Once you find the line with "Schwarze, paillettenverzierte Sneakers" in the entries below, return exactly every line from it through the line with "Compre Óculos de".

Given information:
════════
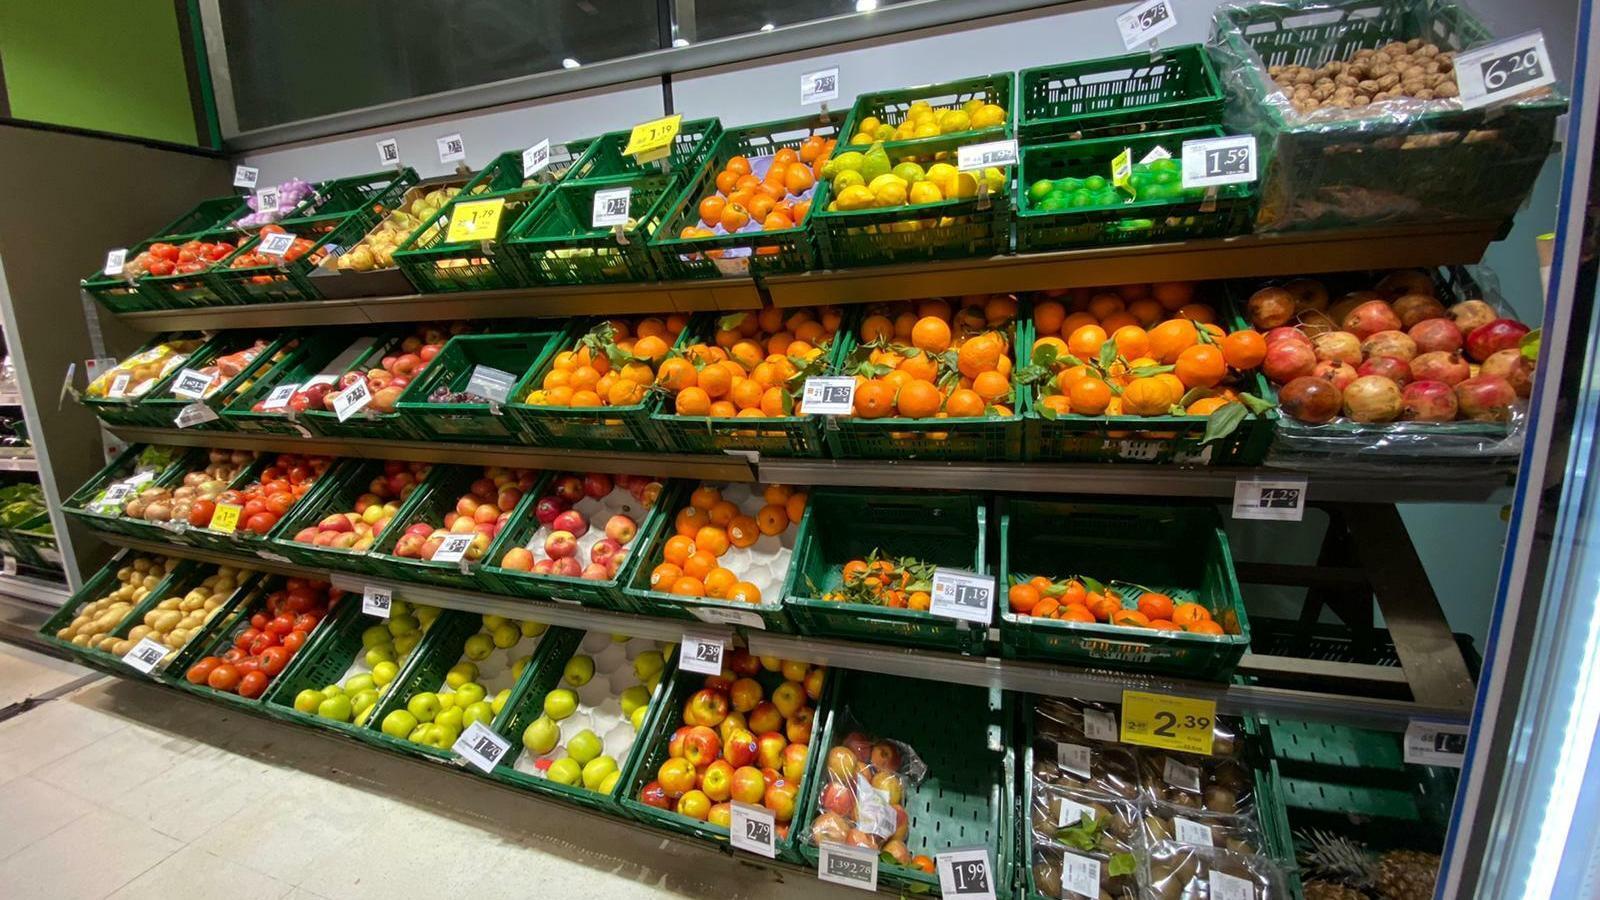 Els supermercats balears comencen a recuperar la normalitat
════════
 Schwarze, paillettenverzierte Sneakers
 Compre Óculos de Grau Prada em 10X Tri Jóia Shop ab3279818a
════════
Result of the task:
 Schwarze, paillettenverzierte Sneakers
 Compre Óculos de Grau Prada em 10X Tri Jóia Shop ab3279818a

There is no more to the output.